Optimized Complexity: Apostolico-Giancarlo Algorithm

To address the worst-case quadratic time complexity, optimized variants of the Boyer-Moore algorithm have been developed. The Apostolico-Giancarlo algorithm is a notable example. By refining the Good Suffix Rule and incorporating memoization techniques to remember previously matched suffixes and avoid redundant comparisons, the Apostolico-Giancarlo algorithm achieves a guaranteed linear time complexity of \(O(n+m)\) in all cases, including the worst-case scenarios. This linear time complexity makes it theoretically optimal while retaining the practical efficiency of the Boyer-Moore approach.

Conclusion

The Boyer-Moore algorithm stands as a cornerstone in string searching algorithms, renowned for its practical efficiency and innovative use of right-to-left comparison and shift heuristics. The Bad Character Rule and Good Suffix Rule, when combined, enable Boyer-Moore to often skip large portions of the text, leading to sublinear average-case performance. While the basic algorithm has a quadratic worst-case complexity, optimized versions like Apostolico-Giancarlo achieve linear time guarantees, making the Boyer-Moore family of algorithms highly valuable tools in diverse applications requiring fast and efficient string searching.

Further considerations include the impact of alphabet size and pattern characteristics on performance. Larger alphabets generally enhance the effectiveness of the Bad Character Rule. Patterns with less repetition tend to benefit more from the Good Suffix Rule. Understanding these factors helps in appreciating the nuances of Boyer-Moore’s performance in different contexts.

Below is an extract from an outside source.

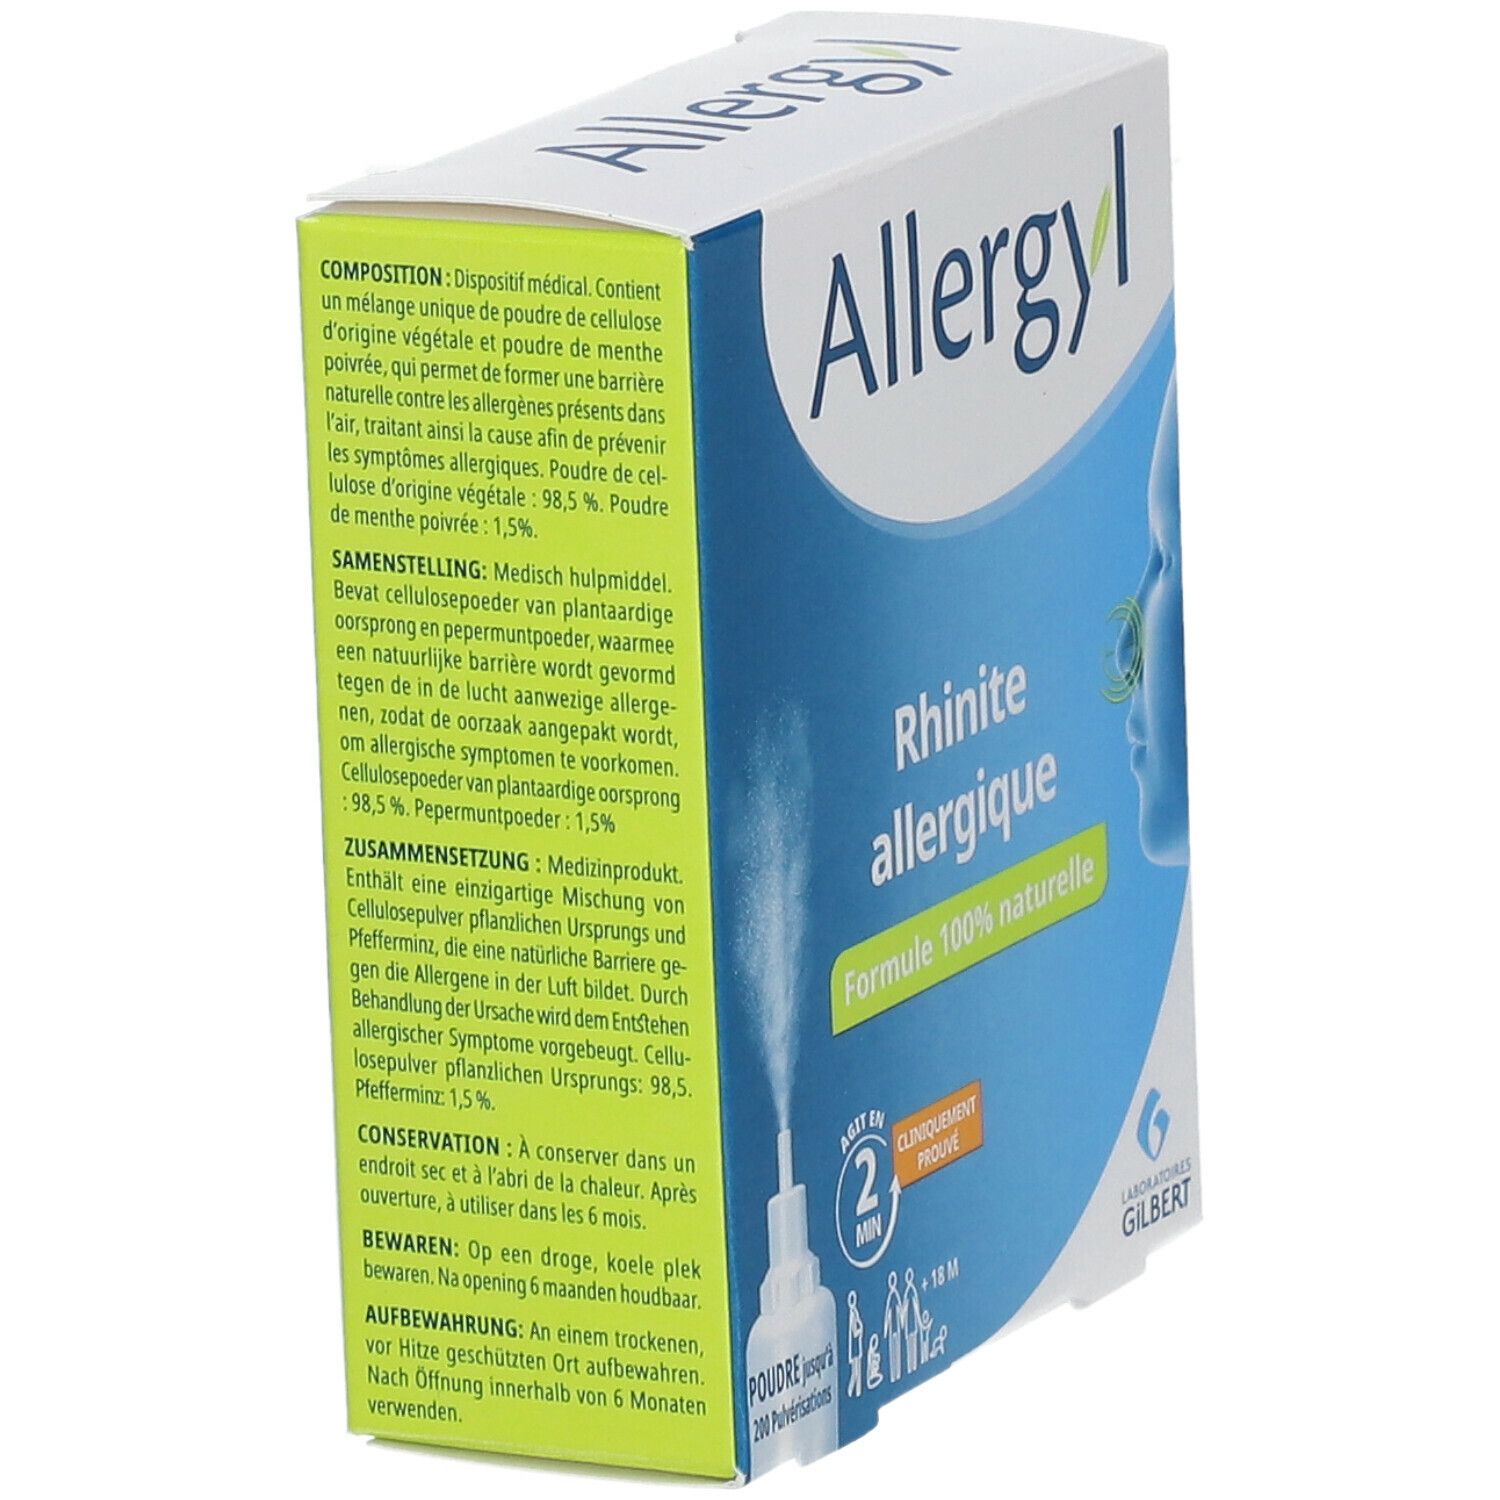 Allergyl Rhinite Allergique Spray Protection

It’s important to note that while Boyer-Moore is highly efficient in most practical cases, its performance can degrade under specific conditions. If there are very frequent occurrences of the pattern in the text, the algorithm’s behavior can approach that of a naive algorithm, diminishing the advantage of its heuristics. However, for typical text processing and search tasks, where patterns are not excessively repetitive within the text, Boyer-Moore and its optimized variants remain among the fastest string searching algorithms available. The Bad Character Rule is relatively simple to implement and provides a tangible speedup in many scenarios. The Good Suffix Rule, although more complex to implement, significantly enhances the algorithm’s ability to handle mismatches and achieve larger shifts, especially in cases where the alphabet size is smaller or patterns have internal repetitions.

In summary, the Boyer-Moore algorithm provides a significant advancement over simpler string searching methods by incorporating right-to-left comparison and powerful shift heuristics. Its practical efficiency and the existence of linear-time variations like Apostolico-Giancarlo solidify its place as a fundamental algorithm in computer science, widely applicable in areas such as text editors, search engines, bioinformatics, and network security, where efficient string matching is crucial.

Further thinking: Consider how the choice of alphabet size and pattern characteristics affects the performance of the Boyer-Moore algorithm. How would the algorithm perform with a very small alphabet versus a large alphabet? What types of patterns are best and worst-case scenarios for Boyer-Moore?

Exercises

  1. Consider the text \(T= \text{ABABABCBAB}\) and pattern \(P= \text{ABC}\). Manually trace the Boyer-Moore algorithm using only the Bad Character Rule to find occurrences of \(P\) in \(T\). Show the shifts and comparisons.

  2. Precompute the Bad Character Rule table for the pattern \(P= \text{banana}\) using the English alphabet.

  3. Explain in your own words the advantages of right-to-left comparison in the Boyer-Moore algorithm.

  4. Research and briefly describe the Apostolico-Giancarlo algorithm and how it achieves linear time complexity for string searching.

  5. Consider the pattern \(P= \text{ABAB}\) and text \(T= \text{ABABABAB}\). Analyze the performance of the Boyer-Moore algorithm (using both BCR and GSR conceptually) in this case. Are the shifts generally large or small?